Press Release: NASW Ohio Chapter demands legislature drop bill that would let other professions become licensed social workers

Ohio Capitol Building

Ohio Capitol Building

The National Association of Social Workers Ohio Chapter (NASW Ohio) is demanding the state legislature not pass legislation that could seriously harm thousands of Ohioans who are experiencing mental health struggles.

The Ohio Senate on Nov. 30 amended Substitute HB 509 to allow people with degrees other than social work to be a licensed social workers, an action that will erode the quality of mental health care in the state.

“This is an egregious mistake that would cause damage that could last generations,” said Danielle Smith, executive director of NASW Ohio. “If the bill passes, Ohio faces a future where someone who has no training in mental health can diagnose a mental illness. This could hamper a person living with a mental illness from getting comprehensive and compassionate care.”

Social workers account for the largest group of mental health services providers in the United States.

NASW Ohio Executive Director Danielle Smith, MSW, MA, LSW, CAE

NASW Ohio Executive Director Danielle Smith, MSW, MA, LSW, CAE

Social work is a specific profession with regulated standards for education, field practicums, and licensure. The proposed change would devalue the social work profession by eroding professional education, values, practice standards, and reputation. A degree from a related field likely carries no requirements for an internship, meaning that a licensed social worker would have no practical experience before becoming licensed. Furthermore, it devalues and creates disincentives for earning a social work degree as a baccalaureate program requires 400 hours of field education and a master program requires 900 hours.
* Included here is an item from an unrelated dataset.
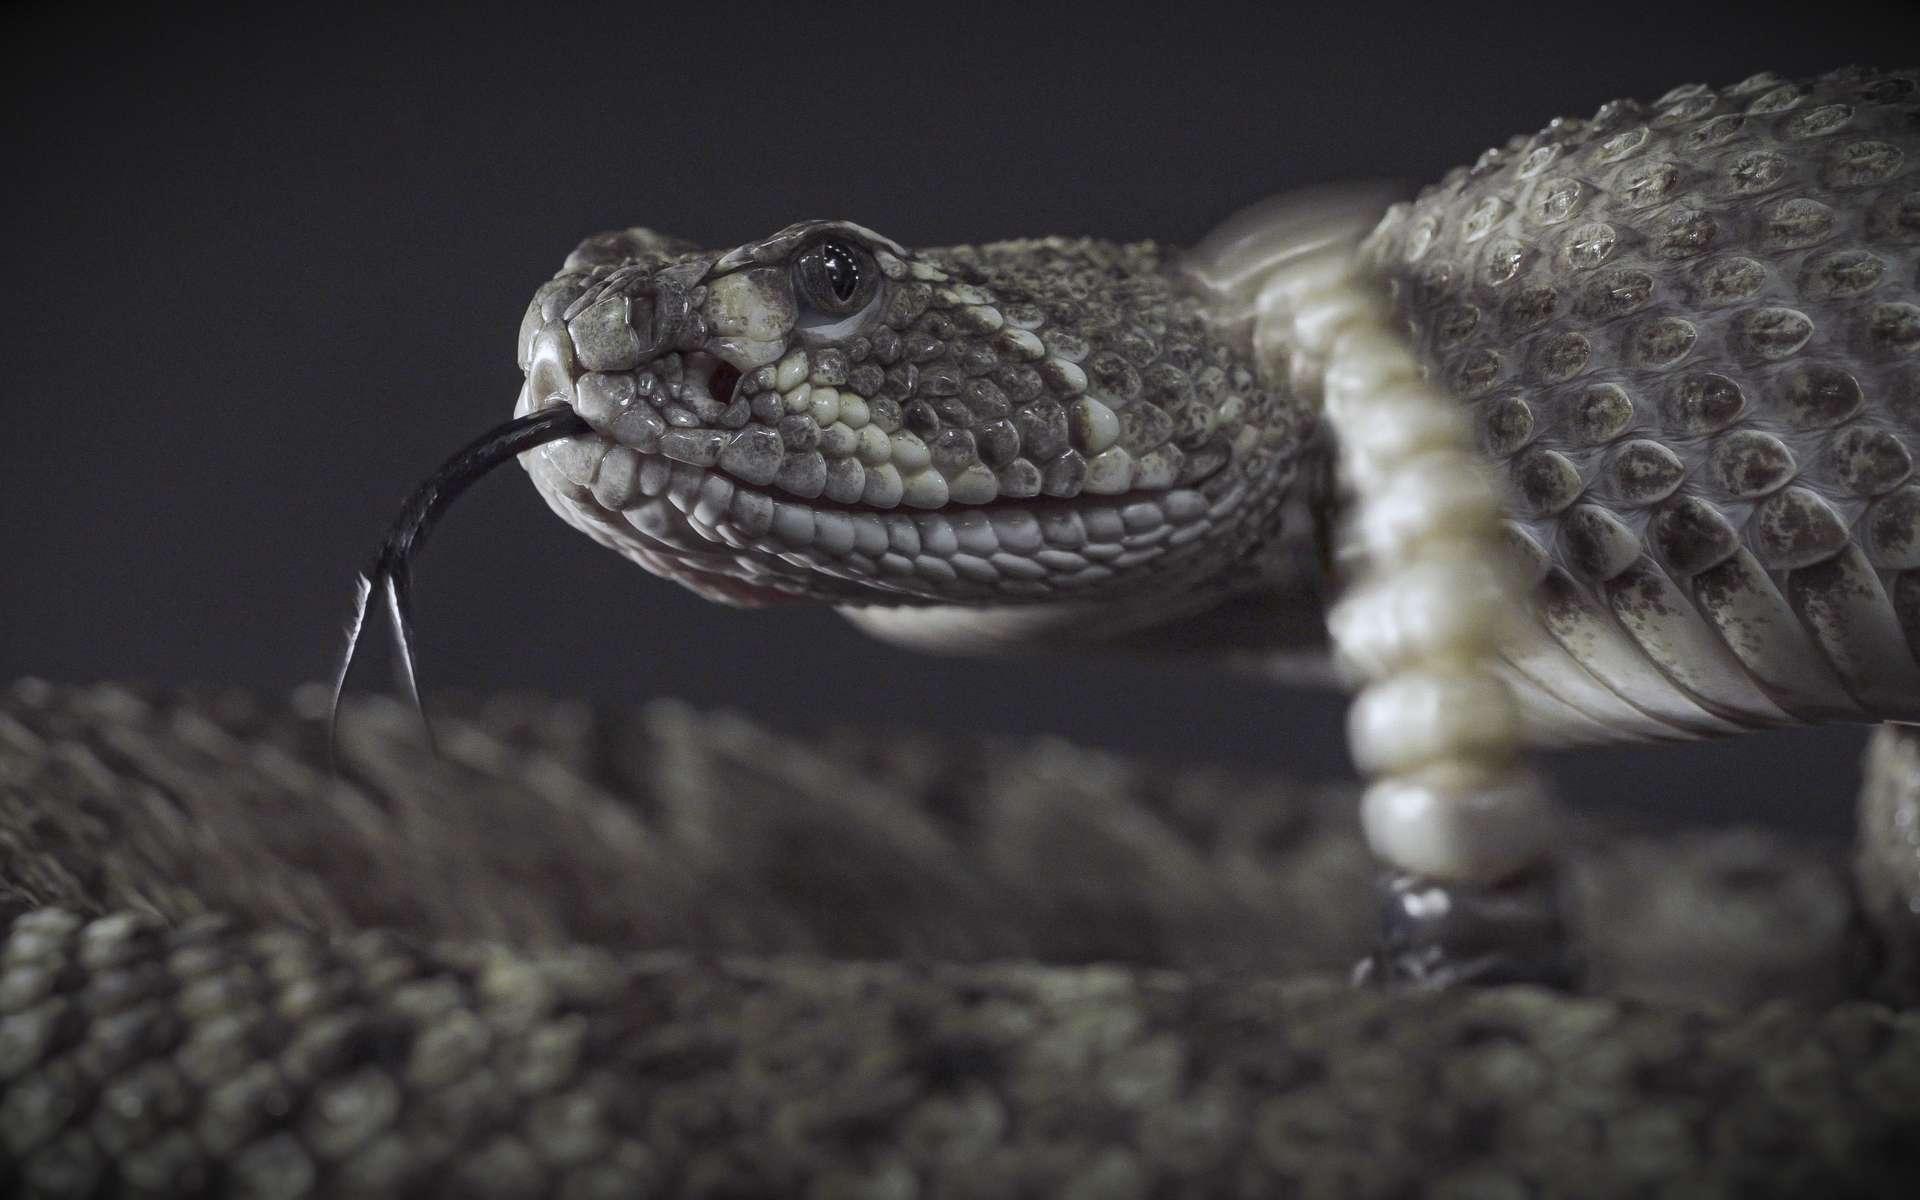 Les serpents à sonnette utilisent le bout de leur queue comme moyen de défense. © +NatureStock, Adobe Stock

Passage of the bill would mean Ohioans would no longer be able to trust that a “licensed social worker” is someone with a degree in social work. Clients and communities must be able to trust that the people they work with are trained and prepared for the difficult work that social workers are called to do. This is a particularly important issue in Ohio where licensed social workers have a significant scope of practice with the ability to diagnose and assess mental health disorders under supervision.

“This legislation is ridiculous,” Smith said. “It would be like allowing someone with a degree in physical therapy to be a medical doctor or a dentist. All those professionals are in the field of medicine but they provide vastly different types of care. The same standards apply to this case.”